Power and utilities: US Deals 2024 outlook

Momentum continues for power and utilities deals

Recent easing in inflation, improved economic factors and positive influences in the sector — including the Inflation Reduction Act (IRA) and continued emphasis on sustainability strategies — have spurred a wave of investment in key asset classes. 

Notably, renewable and clean energy deals drove more than half of the deals in the last 12 months ending November 15, showcasing significant interest from a broad pool of investors and a momentum shift since the passing of the IRA. That momentum should continue as we move into 2024.

While both deal volume and value over the last 12 months remain below the five-year average, they are favorable to 2022. We expect IRA-related momentum, supportive environmental, social and governance (ESG) initiatives, broad investor interest, portfolio realignment and the refocusing of strategic agendas to continue to drive investment prioritization and deal activity for the sector.

Explore national deals trends


Key deal drivers

Opportunity amidst uncertainty 

While inflationary pressures, supply chain constraints and interest rate increases have the potential to challenge valuations, recent easing, incentivized capital and broader investor interest are enabling deals. The abundance of players in the deals market, including those driven by ESG initiatives, is further increasing the competition for assets. And the playing field is evolving — from competition for individual asset classes (e.g., renewables, clean energy, utilities) — to more broad-based sector deal competition as ESG-driven investment and initiatives bring new players to the arena. With deal competition, the pressure to find value is rising.

The last 12 months saw 46 deals, up from 36 in 2022 and down from 56 during the historically active deals market of 2021. Similarly, total deal value totaled $39.4 billion, up from $36.3 billion in 2022 but down from $53.3 billion in 2021.  But major activity is still to be found: One $6.6 billion megadeal accounted for 17% of deal value in the sector over the past 12 months. In addition to a focus on renewables and clean energy, contributions from both strategic and inbound investors remained strong. For instance, inbound deals represented 60% of deal value in the last 12 months, slightly up from 56% in 2022 and up from 35% in 2021.


Resilience and innovation for growth and sustainability

Inflation, rising cost of capital, geopolitical pressures and supply chain constraints have created headwinds for industry participants. However, we expect energy transition policies, including the IRA, and recent easing of macroeconomic factors to fuel significant capital investment and deal activity in the sector in the years to come. Since the passing of the IRA, 62 deals worth $59.5 billion have been announced, highlighting renewed momentum, particularly in renewables and clean energy in the sector.  

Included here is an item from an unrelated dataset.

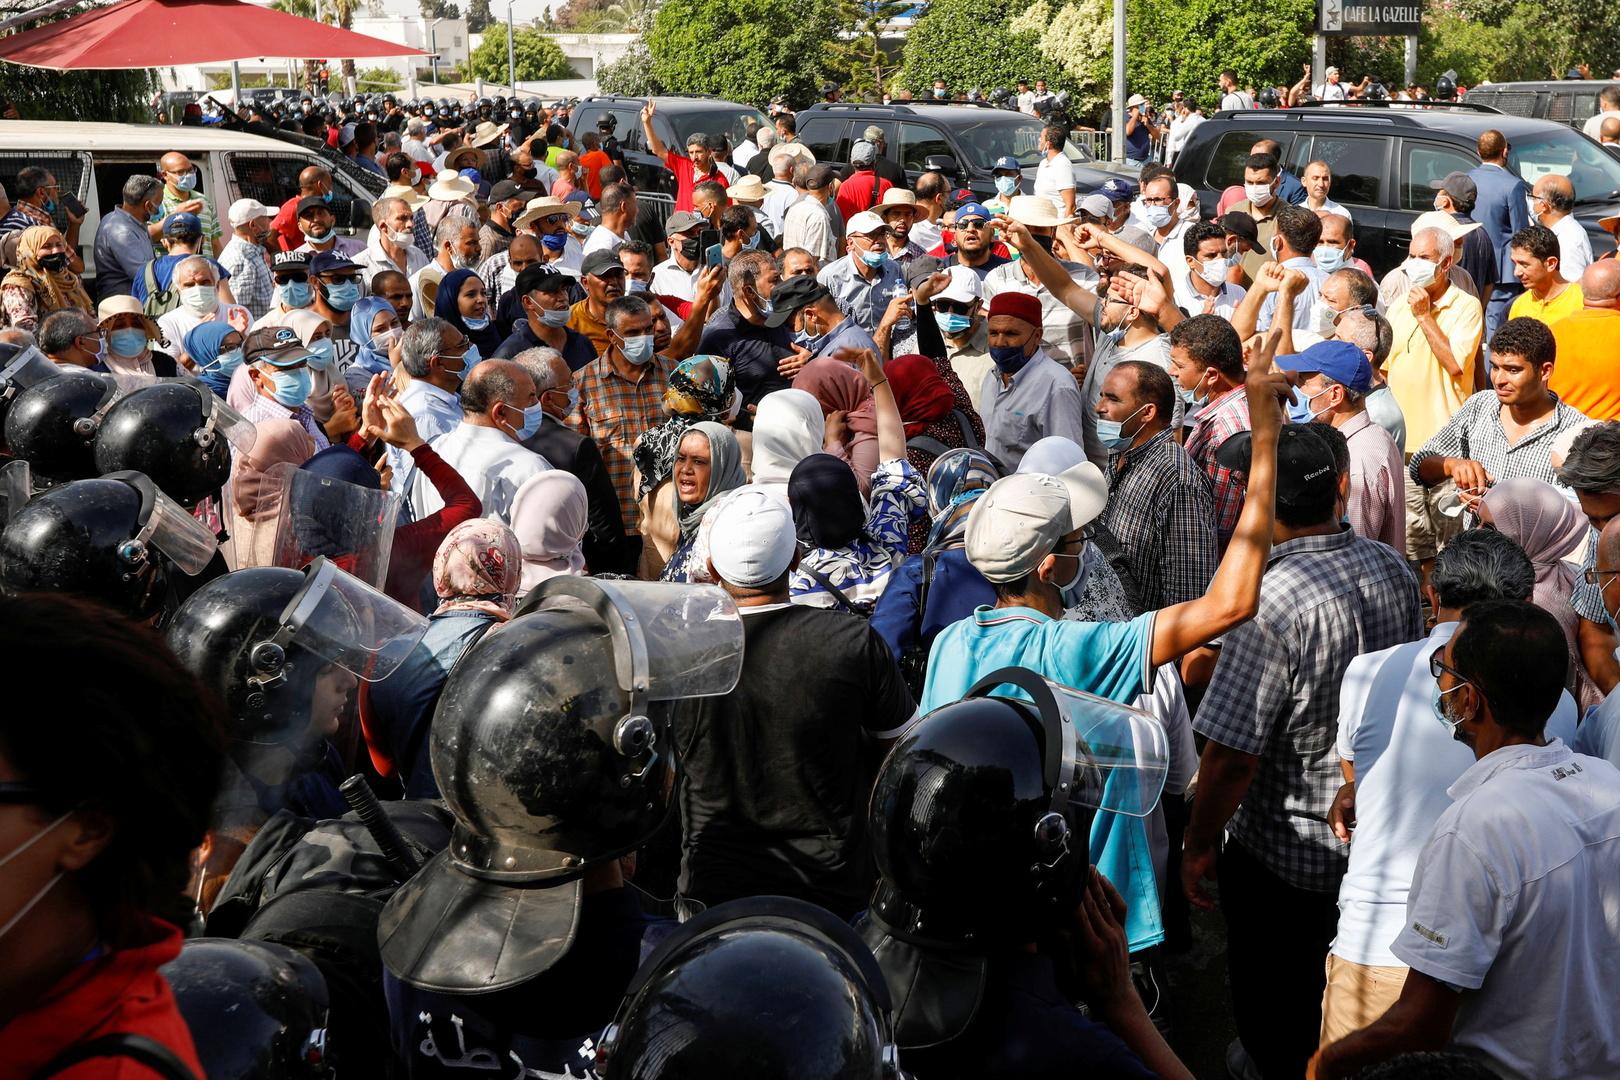 مناوشات بين أنصار الرئيس التونسي وأنصار حركة
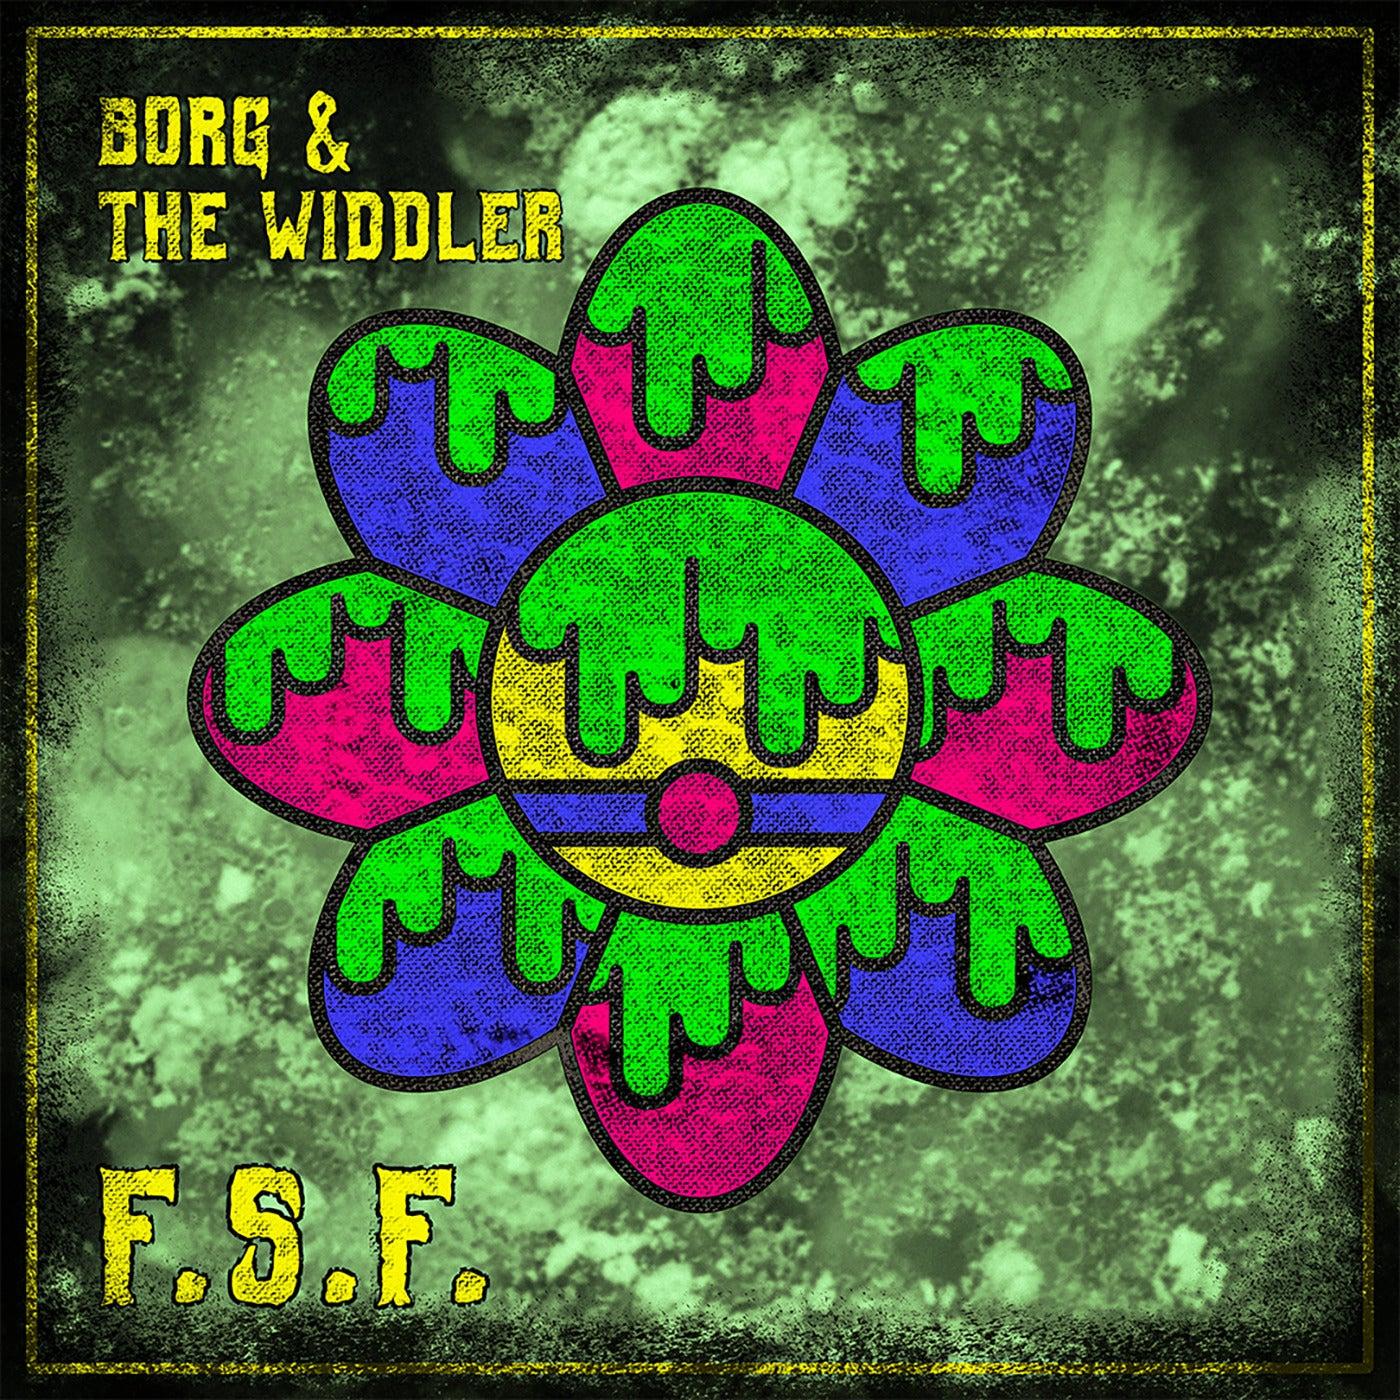 Flower Scum Fuck feat. The Widdler (The Widdler Remix)

Looking at the last 12 months, the power and utilities industry saw 26 renewable and clean energy deals, slightly down from 28 in 2022 and 29 in 2021. Federal policy has extended the runway for existing tax credits for wind and solar power, while also introducing new incentives and funding for driving investment in transmission, carbon capture, hydrogen and other clean technologies.

Renewables and clean energy account for 83% of LTM deal value

Necessity for business reinvention

Divestitures remain a key avenue for realigning portfolios and refocusing strategic agendas in the sector. Corporate leaders are strategically using deals to transform their companies in order to keep them relevant in a rapidly changing environment. PwC’s recent divestiture study  found that companies that make timely and objective divestiture decisions and strategically manage their portfolios are at an advantage in this dynamic business environment. Divestitures can be a critical part of the transformation and reconfiguration process to create value and drive shareholder returns.

Additionally, the focus on sustainability is here to stay as indicated by recent deal activity related to climate change, social justice equality and diversity. In today’s market, investors and stakeholders are more frequently viewing social good and profitability as intertwined. Sector participants are expected to continue evolving ways in which they can pursue sustainability initiatives, optimize and refine their ESG reporting and embrace purpose-led strategies.